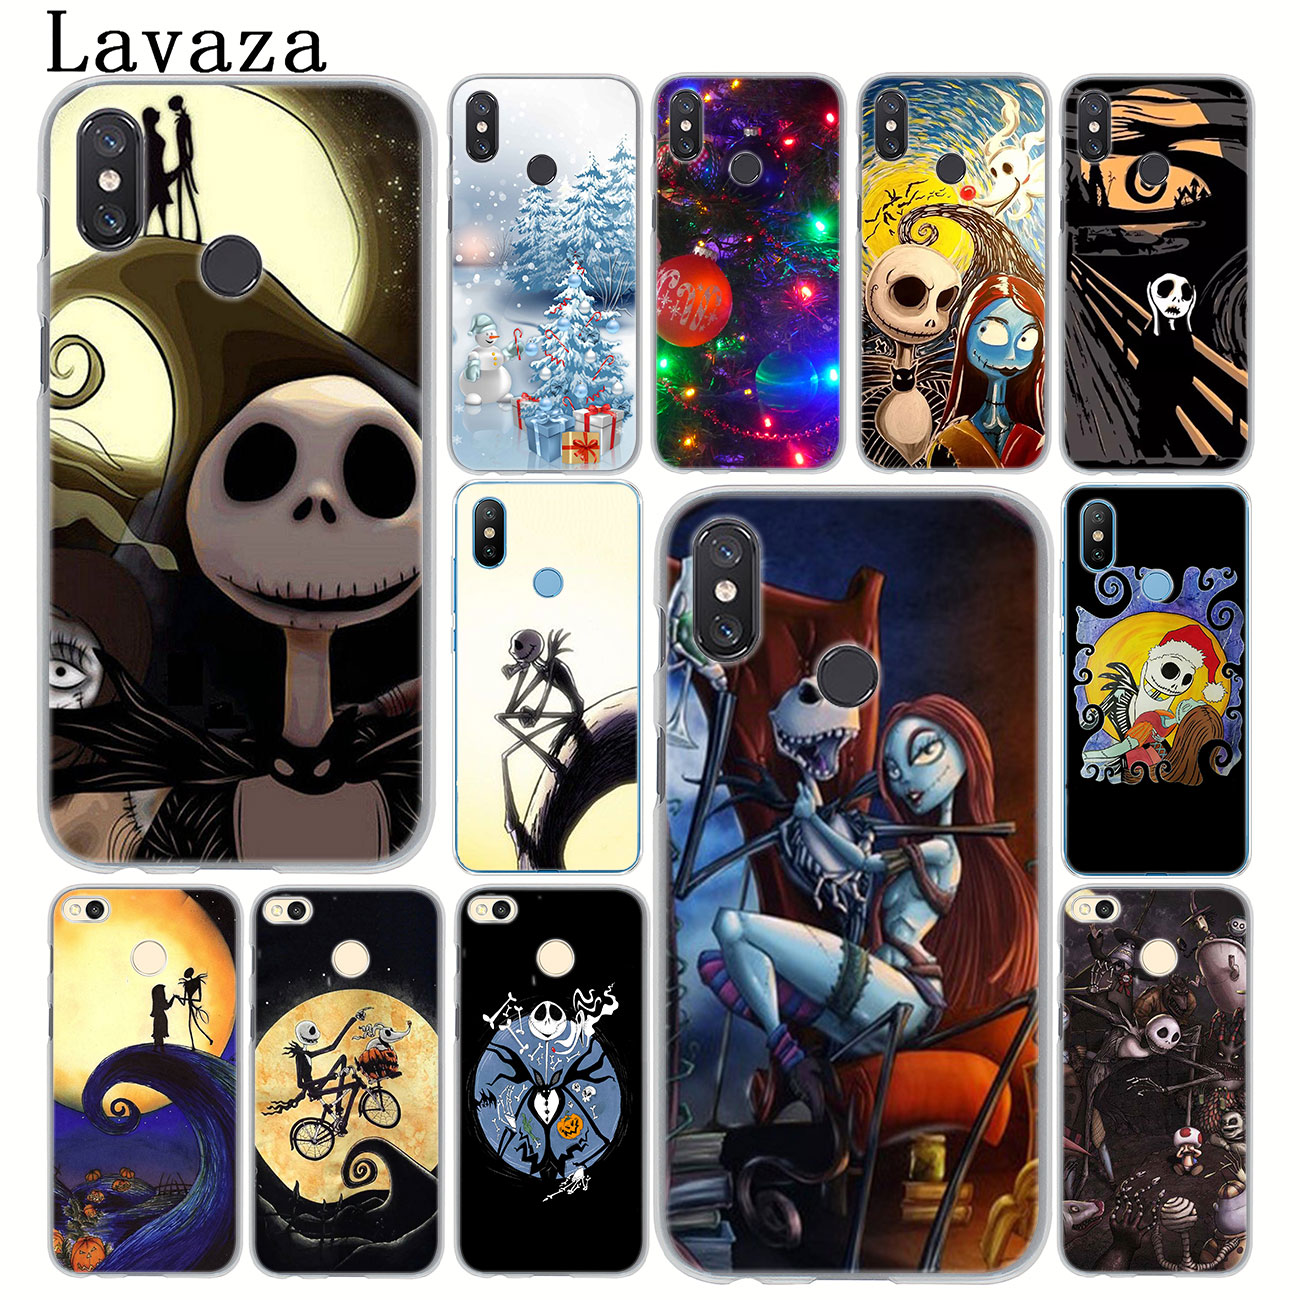 Jack funda de teléfono para Xiaomi de jack de pesadilla para Halloween, MI 10, 9, 9T, CC9, CC9E, A3 Pro, 8, SE, A2 Lite, A1, pocophone f1, 6, Mi10
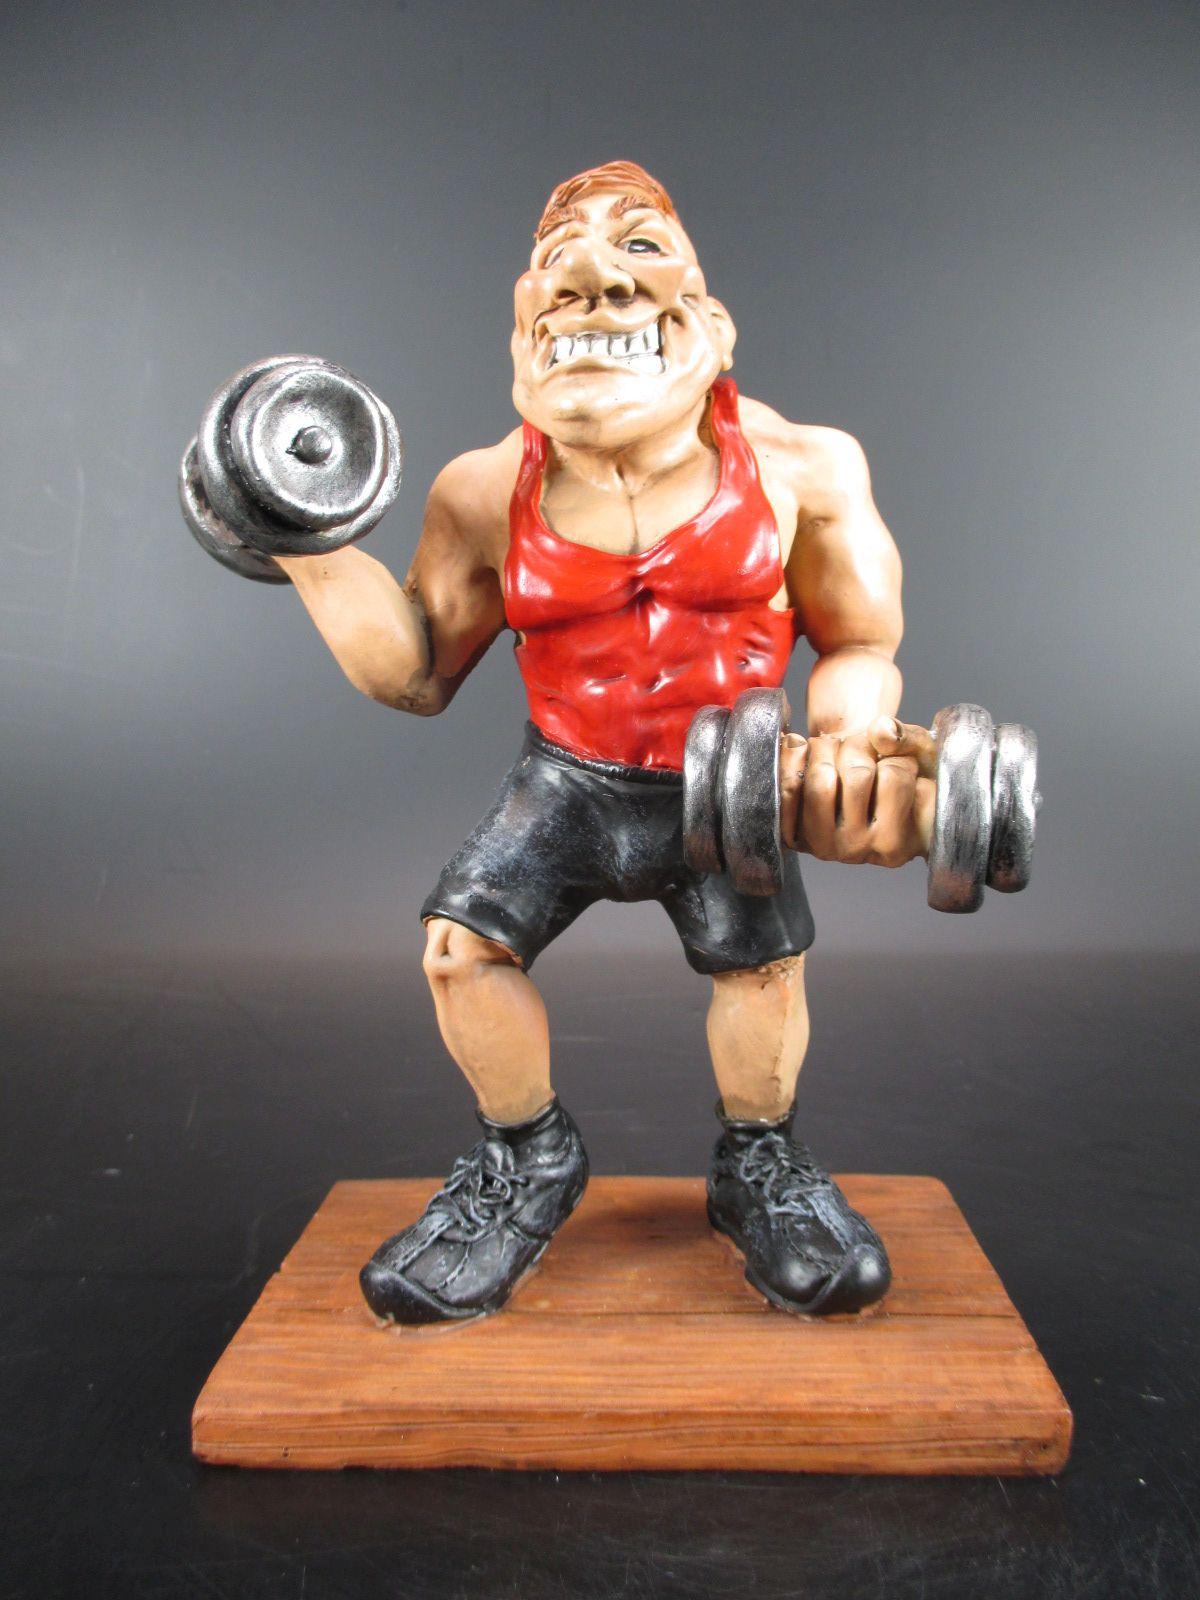 Bodybuilder Bodybuilding Fitness 18 cm Sport Funny Figur
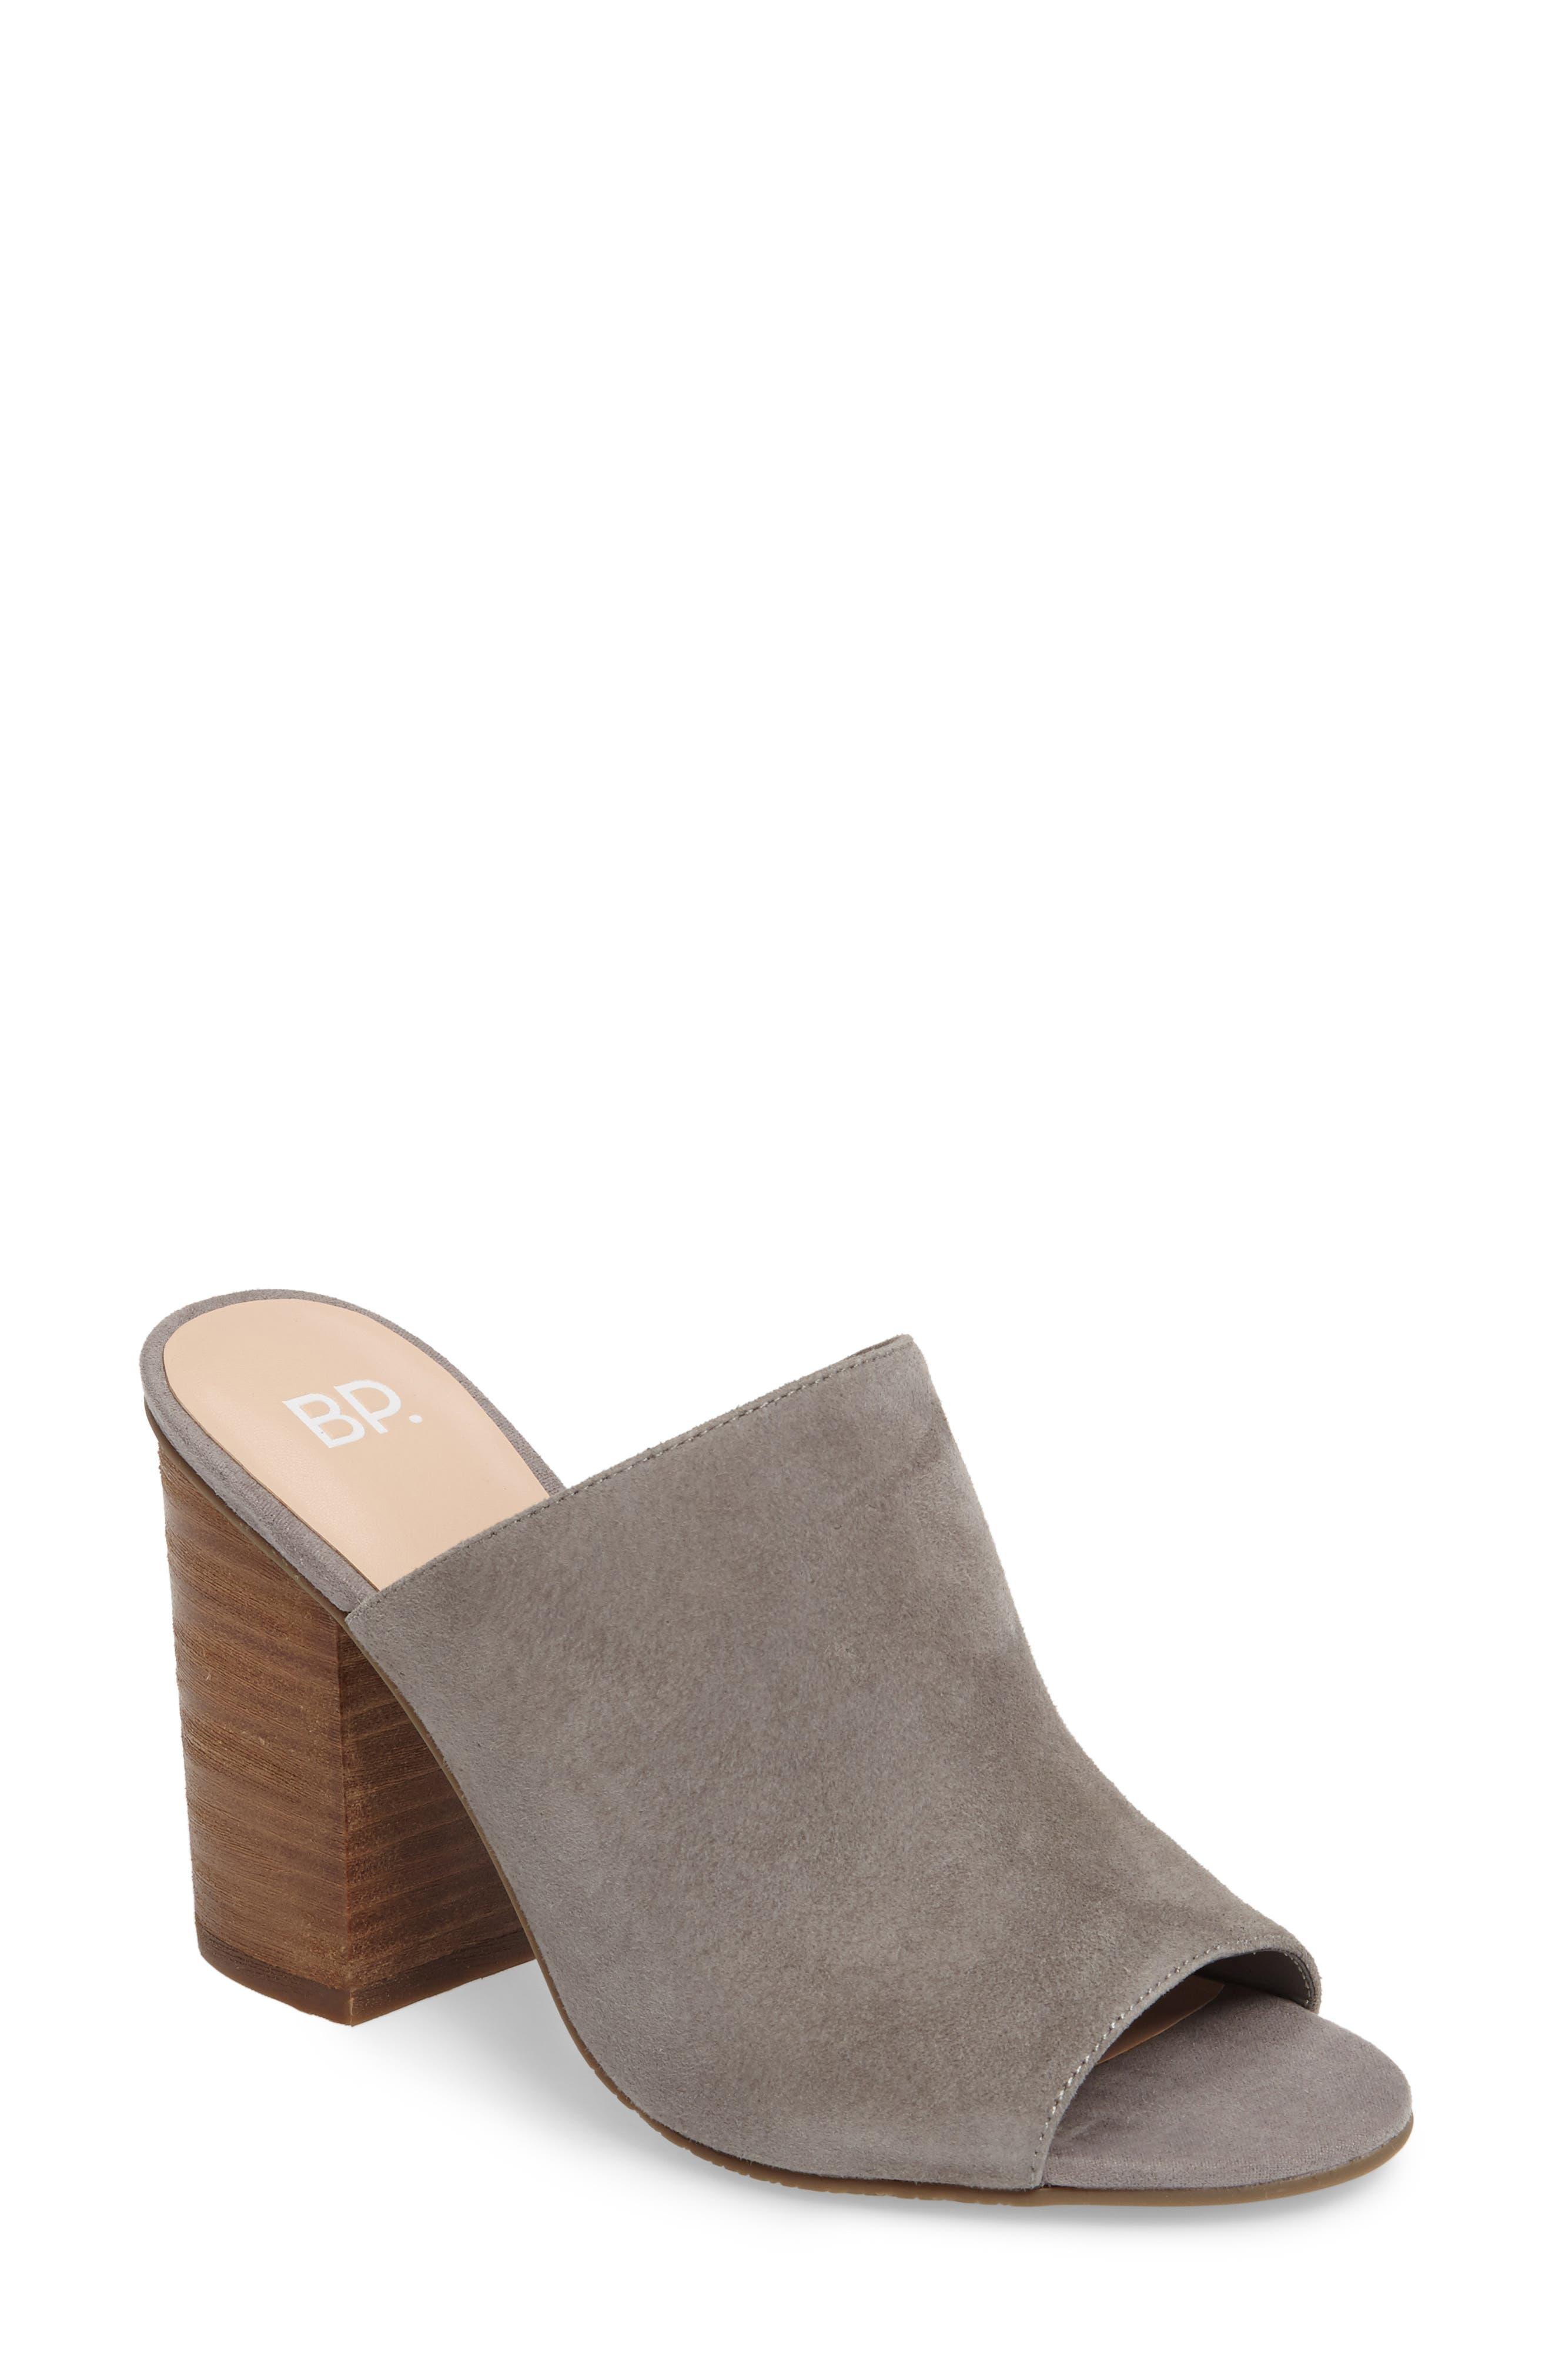 Tale 2 Mule,                         Main,                         color, Grey Suede
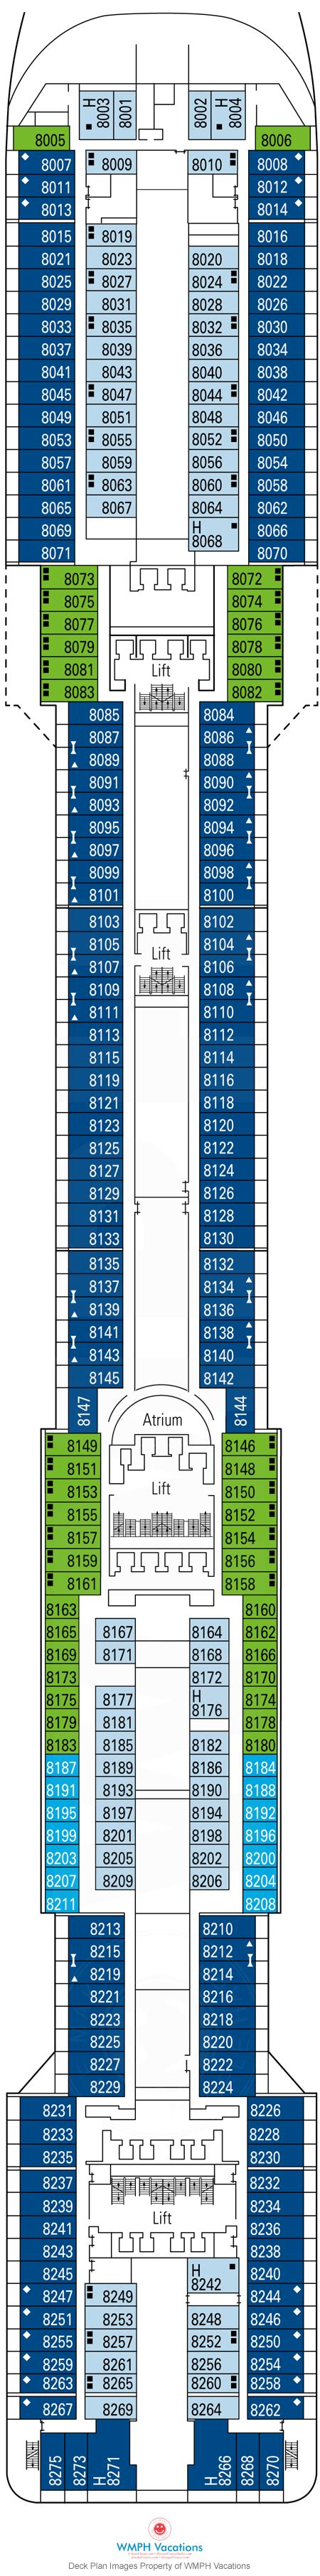 Msc Divina Deck Plan 11 by Msc Divina Deck Plans Deck 8 What S On Deck 8 On Msc
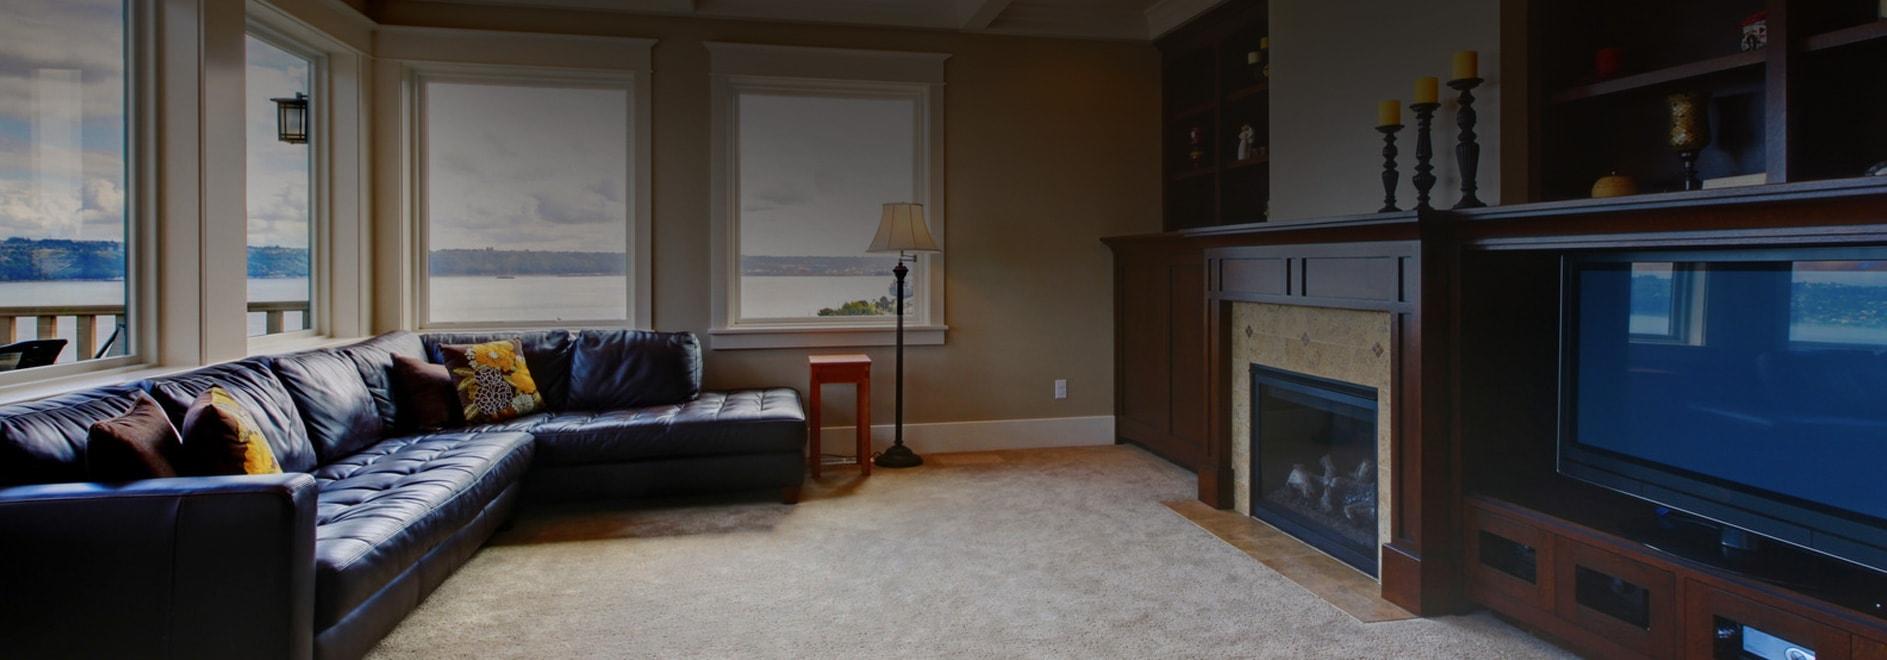 Real Estate Website Design Hampton Roads VA

● **PROBLEM DESCRIPTION**:
All the lines above should be reproduced exactly, and none of the pictures.

● **ANSWER SECTION**:
 Jack funda de teléfono para Xiaomi de jack de pesadilla para Halloween, MI 10, 9, 9T, CC9, CC9E, A3 Pro, 8, SE, A2 Lite, A1, pocophone f1, 6, Mi10
 Bodybuilder Bodybuilding Fitness 18 cm Sport Funny Figur
 Tale 2 Mule,                         Main,                         color, Grey Suede
 Msc Divina Deck Plan 11 by Msc Divina Deck Plans Deck 8 What S On Deck 8 On Msc
 Real Estate Website Design Hampton Roads VA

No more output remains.